TERRA apresenta no ISA primeiro forno de biochar da Europa dedicado ao processamento de Rugulopteryx okamurae

Investigadores do Laboratório Associado TERRA, através das suas unidades de investigação LEAF – Linking Landscape, Environment, Agriculture and Food e Centro de Estudos Florestais (CEF), apresentaram no Instituto Superior de Agronomia (ISA) um forno de biochar dedicado ao processamento da alga invasora Rugulopteryx okamurae. A demonstração decorreu durante uma visita de trabalho na sexta‑feira, 8 de maio, que reuniu representantes dos municípios de Cascais, Sintra, Olhão, Faro e Portimão.
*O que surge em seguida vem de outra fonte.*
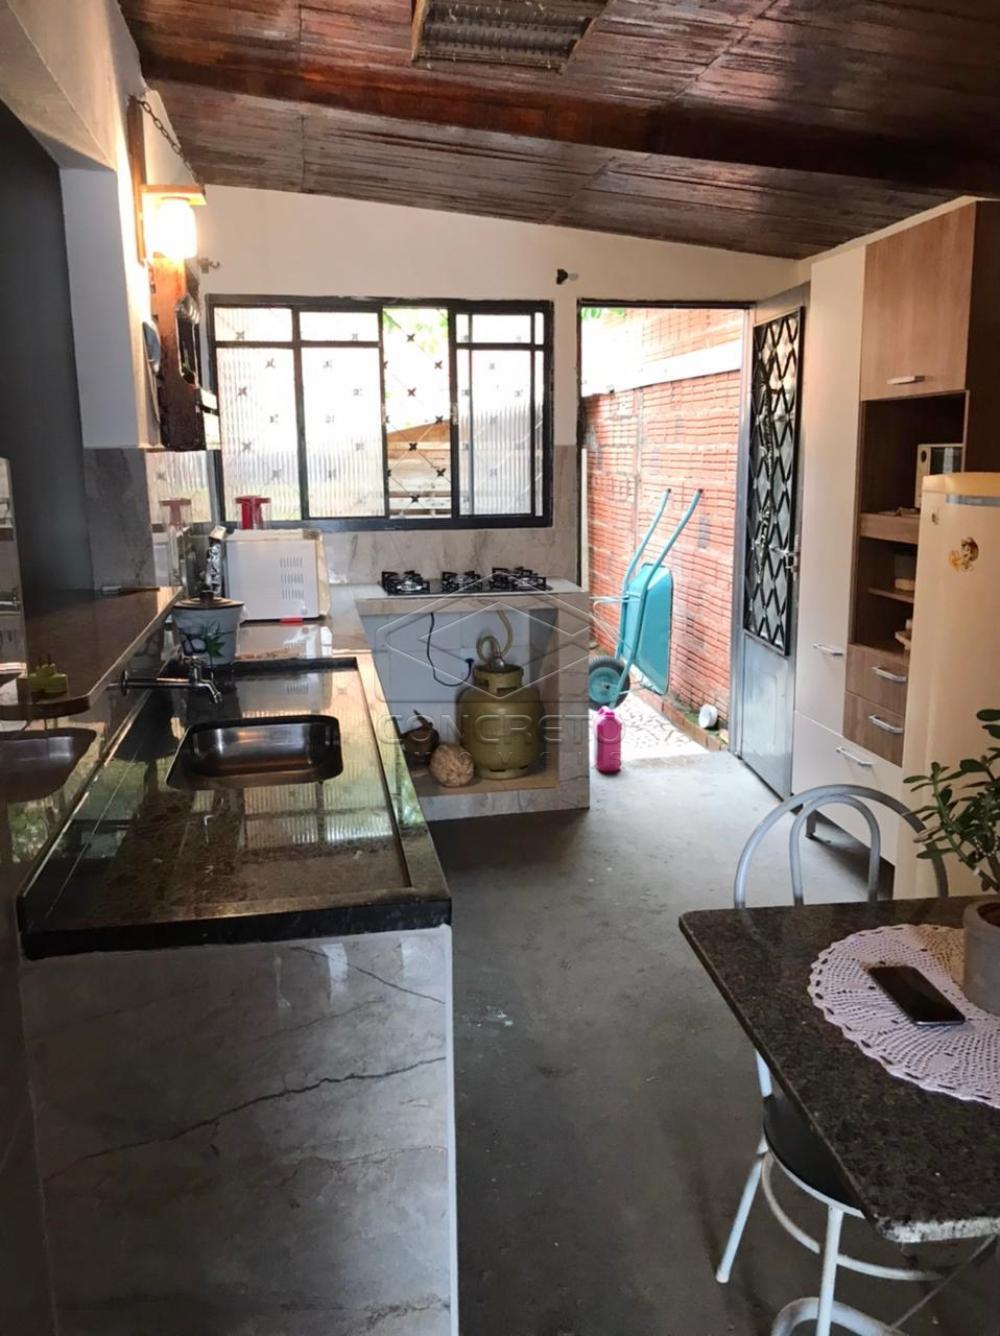 Comprar Casa / Residencia em Jaú apenas R$ 130.000,00 - Foto 7

A proliferação da Rugulopteryx okamurae tem provocado impactos ambientais, económicos e sociais significativos no litoral português — desde a perda de biodiversidade marinha à acumulação de grandes volumes de biomassa nas praias, com maus odores, impacto no turismo e constrangimentos para atividades como a pesca, o mergulho ou o surf.
O forno de biochar apresentado foi concebido para responder aos desafios colocados pela Rugulopteryx okamurae — o primeiro deste tipo instalado na Europa —, cuja elevada concentração de enxofre e cloro inviabiliza o uso de equipamentos metálicos devido à corrosão. Construído em alvenaria e com um volume interno de 1 m³, o sistema permite uma carbonização de baixo custo e elevada eficiência. O processo ocorre a temperaturas até aos 400ºC, funciona com alimentação a madeira e decorre ao longo de 1,5 a 2 dias, seguido de um período de arrefecimento hermético de cerca de 48 horas para evitar a entrada de oxigénio. O objetivo é produzir um biochar com características específicas, rico em microconstituintes benéficos para os solos e para as plantas. Em testes anteriores com biomassa de madeira, o sistema apresentou um rendimento de 33% na produção de biochar, demonstrando o seu potencial para a valorização sustentável da alga invasora.
Para Duarte Neiva, investigador do CEF/TERRA e supervisor científico do projeto, o forno representa uma solução inovadora para um desafio técnico complexo:
“É um sistema aparentemente rudimentar, mas não de baixa tecnologia estando altamente otimizado para lidar com biomassas cuja composição é potencialmente corrosiva."
Ciência aplicada ao serviço do território
Desde junho de 2024, o Instituto Superior de Agronomia, a Câmara Municipal de Cascais e a startup OffKelp mantêm uma parceria para analisar a viabilidade de transformar esta alga invasora em produtos de valor acrescentado, como biofertilizantes. A iniciativa integra‑se na Estratégia Nacional para a Gestão da Macroalga Invasora Rugulopteryx okamurae, que mobiliza entidades públicas, académicas e empresariais para enfrentar os impactos ambientais e operacionais causados pela proliferação da espécie no litoral português.
A visita de dia 8 de maio contou com a presença da Presidente do Conselho de Coordenadores do TERRA, Teresa Ferreira, do diretor executivo do TERRA, Paulo Branco, da investigadora do LEAF, Isabel Sousa, do CEO da OffKelp, Pedro Melo, do engenheiro Carlos de Sousa, dos responsáveis científicos do projeto — o doutorando Pedro Coelho e os seus supervisores Duarte Neiva (CEF) e Rita Fragoso (LEAF) — bem como de representantes das Câmaras Municipais de Cascais, Sintra, Olhão, Faro e Portimão.
Para Paulo Branco, diretor executivo do TERRA, este projeto demonstra o papel central da investigação científica na resposta aos desafios ambientais do país:
“O TERRA existe para responder aos desafios reais do território, e é isso que continuamos a fazer. Esta colaboração com as autarquias e com os nossos parceiros científicos e empresariais demonstra que a ciência aplicada pode — e deve — estar ao serviço das comunidades e do poder local.”